2.《ネタバレ》 テオ・アンゲロプロスは「霧の中の風景」や「放送」は文句なしの傑作だと思うが、正直本作は言うほど傑作と呼べる映画だろうか。
確かに、素晴らしい映画だとは思う。 旅芸人の一座が時空を越えてギリシャの混乱期、戦争を交えた15年間を渡り歩くロード・ムービー。

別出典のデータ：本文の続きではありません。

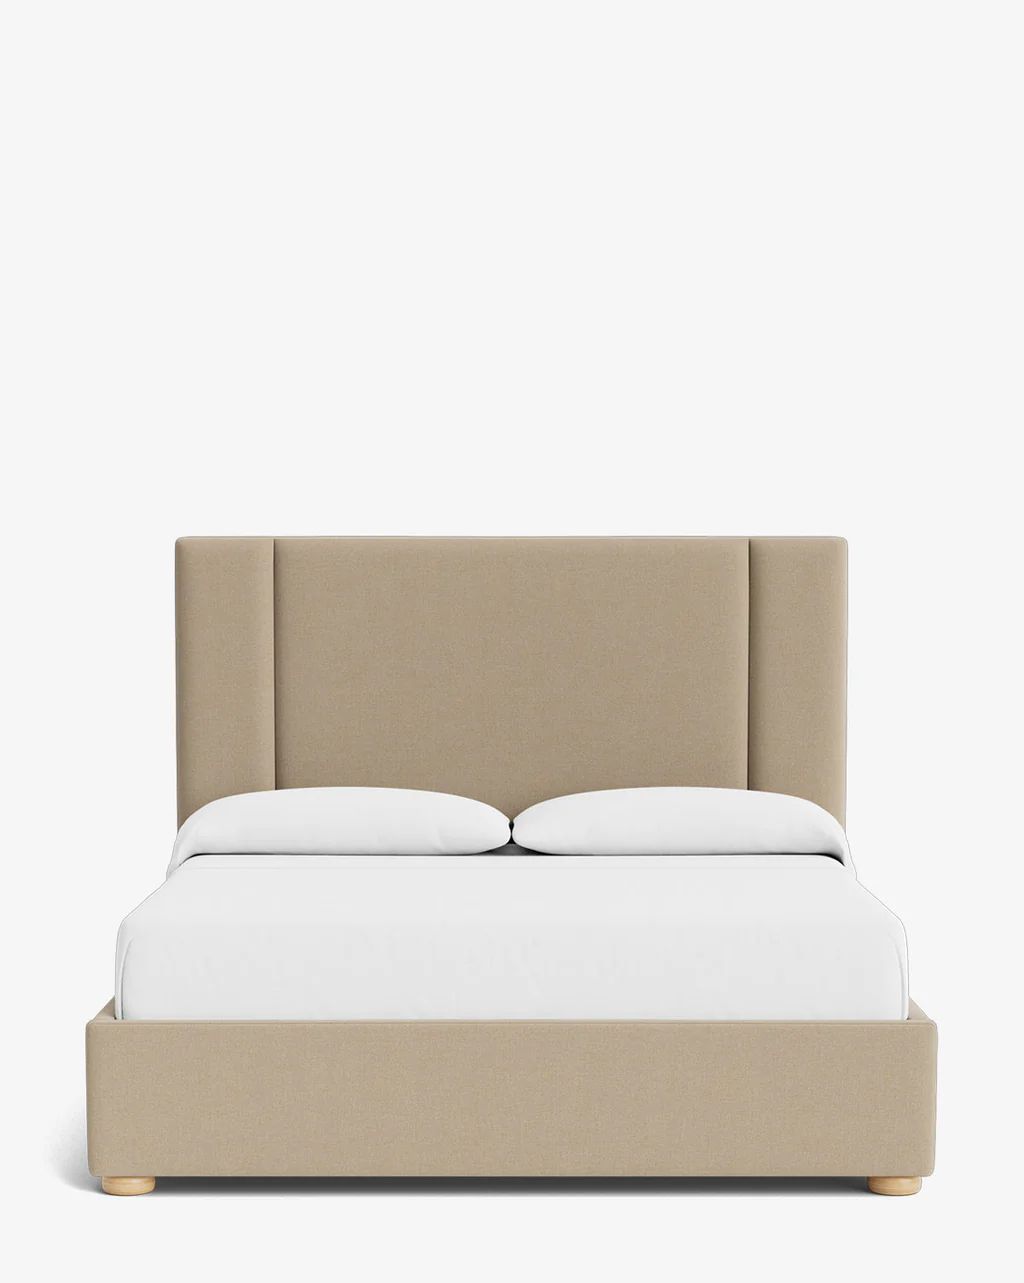 Mina Upholstered Bed (Ready to Ship) | McGee & Co.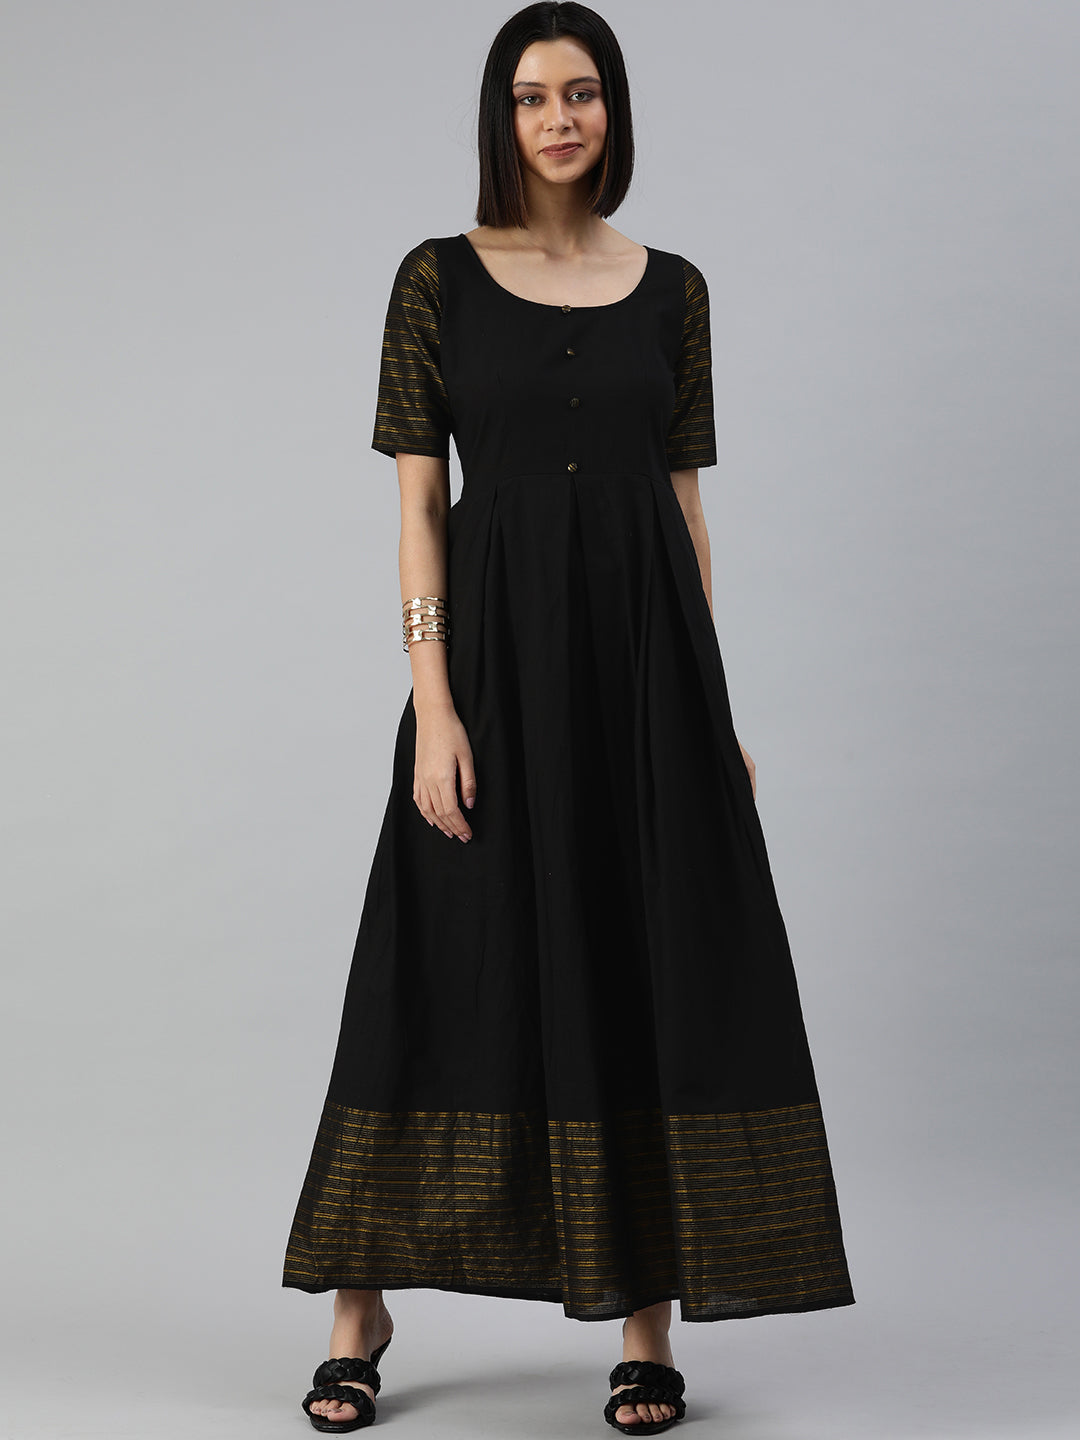 A-line dress with Pleated Yoke embellished with delicate handwork –  HandPicked Fashions

戦争と密告で殺し合う一家の闘いはギャング映画のような壮絶さも感じるし、アンゲロプロスが危険をかいくぐって撮りあげたという鬼気迫る映像には敬意を表せざる負えない。
でも3時間50分は長すぎる。
dvdにしたって2時間チョイでようやくチェンジだ。それまでが大変だよ。
ところどころ楽しい大合唱や悲痛な場面があって胸に迫るものがあったが、あの馬鹿げた長回しは人を殺しにかかっているとしか思えない。
この映画のファンはこう言うだろう。
「感情移入やストーリーだけが映画じゃねんだよっ!」と。
だからって余りにロングショットで延々と撮るシーンが多すぎんだろうがあっ!!
アンゲロプロスにしたって「霧の中の風景」はロングとクローズのバランスが素晴らしかった。
だが、この映画は上映時間の長さに加えて戦争の悲惨さで心まで重くなる。
加えてカットが変わる事無く時代が変わるので、その辺で混乱をきたす人もいるだろう。
その混乱は旅一座が散々味わってきた苦しみでもあるし、この映画の殺人的な退屈さは、それを一緒に体験できるような感覚だ。
ラストの生き残った一座たちが、再び冒頭の駅に戻ってくるシーン。あの瞬間の言い知れぬ達成感・・・!あの瞬間を見るだけでもこの映画を見る価値はあるだろう。